Thursday, December 27, 2012

Joy for the Miserable Ones

     I just saw the motion picture, Les Miserables, and I am compelled to write about it. It is so loaded with spiritual themes that I could spend days unpacking.
     The most obvious theme, it seems, is forgiveness and redemption. Jean Valjean served 19 years of hard labor for stealing bread (to save his family) and for repeated escape attempts. Upon his release, he is consigned to probation and must report regularly or face life imprisonment as a repeat offender. Moreover, he must carry around papers documenting that he is a "danger to society." Nobody will hire him. Nobody will help him. Nobody will give him a second chance.
     JeanValjean eventually shreds his papers and goes into hiding, only to re-emerge nine years later as a successful businessman, in fact mayor of a small town! His past, though, personified in officer Javert, never lets him rest. Once Javert becomes aware that Jean Valjean is indeed still alive, he commits his life to bringing Jean Valjean to "justice."
    When I think about this theme, I think about Paul's words in Second Corinthians 5:17: "If anyone is in Christ, there is a new creation.
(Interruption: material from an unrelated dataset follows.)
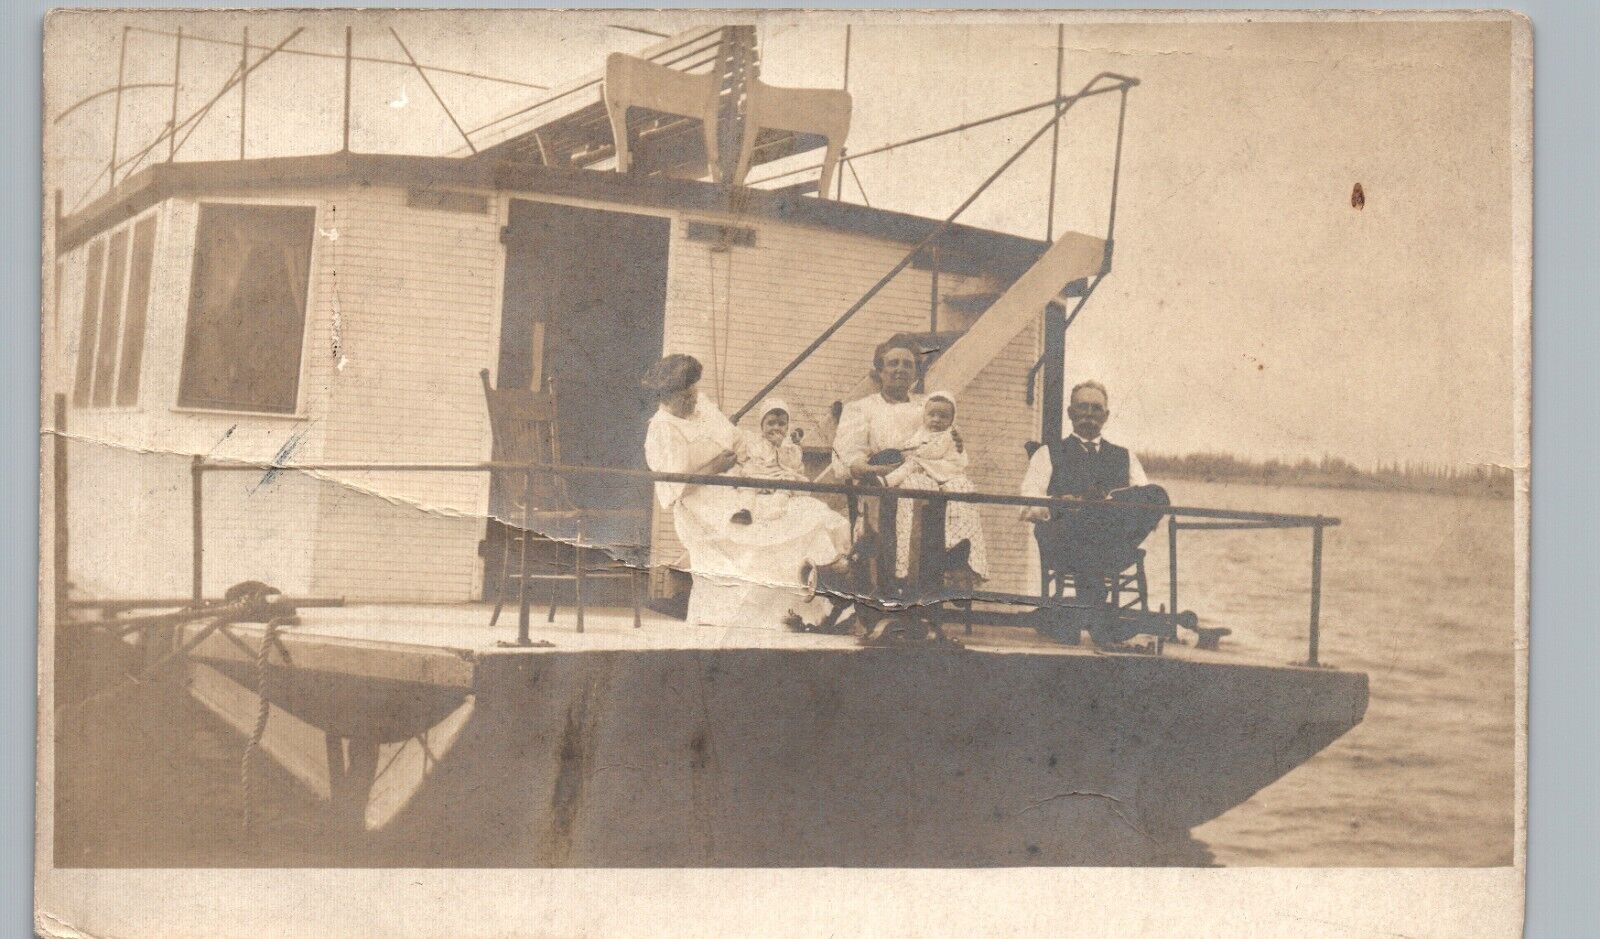 FERRY BOAT STERN PARTY c1910 sheboygan wi real photo postcard rppc ~CREASE
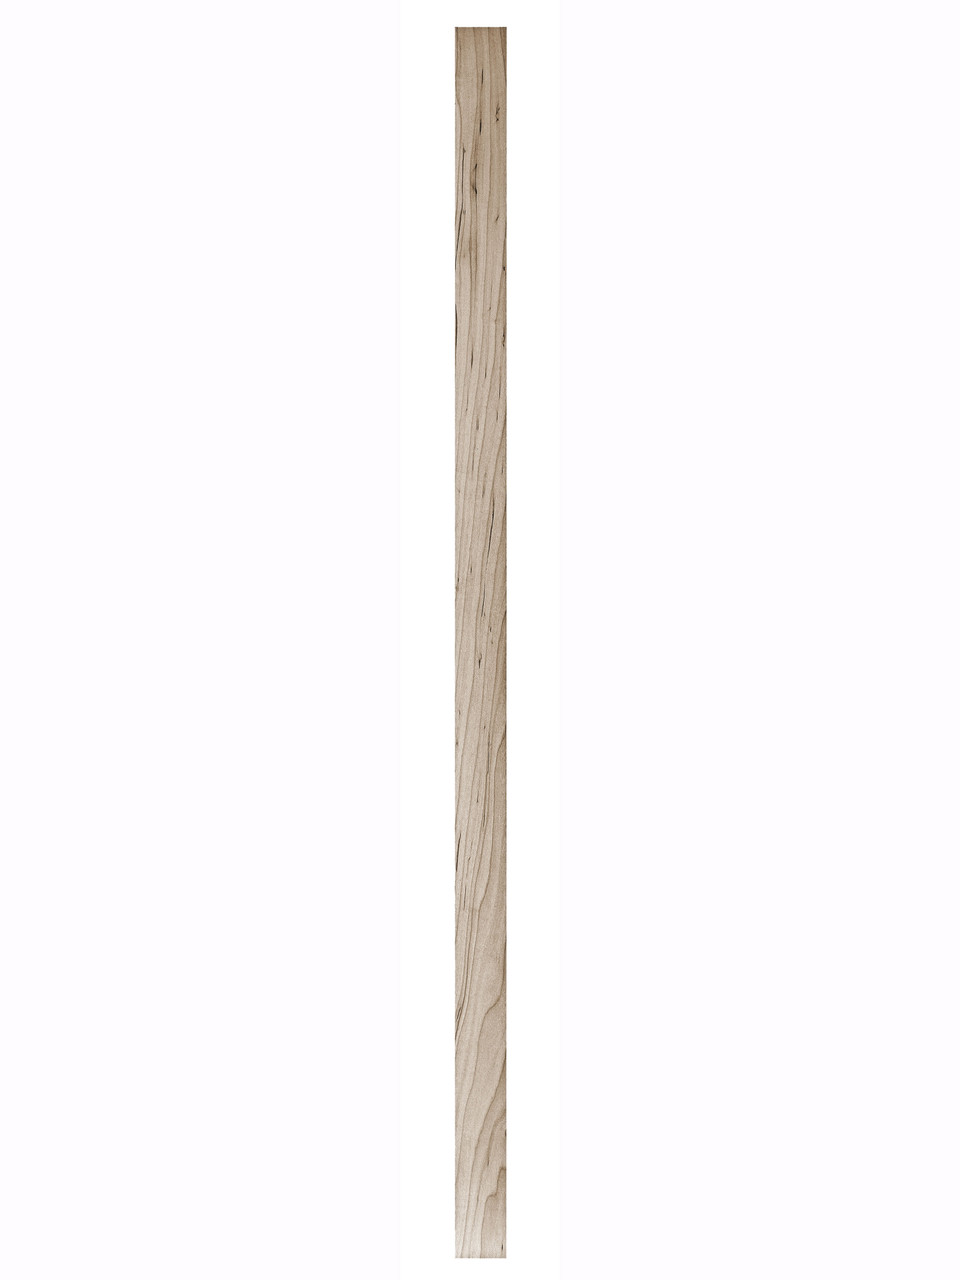 A-100 36" S4S Baluster (2)

The old has gone; the new has come." I think about how hard it is for us to allow others (and ourselves) to live into this reality.
     Jean Valjean paid his debt to society, and then some, and yet the world would not let his "sin" go. It followed him like a ghost, robbing him of a normal life and, in fact, robbing society of his gifts for leadership! 
     We do the same thing today in the ways we label ex-convicts, for sure. A friend of mine who is involved with prison ministry puts it like this. We have all done something worthy of imprisonment at some time in our life. The only difference with ex-cons is that they were caught!
    This argument breaks down after a point, but I get the idea. We are all sinners! "There is no one righteous. No, not one!" (Romans 3:10) 
     I am not talking about abandoning our justice system, nor am I making a judgment on its merits and deficiencies. What I am talking about is the attitudes we have toward those who have been released from "prison," whether that is the physical place with iron bars and concrete or the invisible prisons in which we have all served time.
    And sometimes, it is we who refuse to forgive ourselves for crimes/sins of the past. At some point, it is time to let it go and embrace the new creation that we are in Jesus Christ.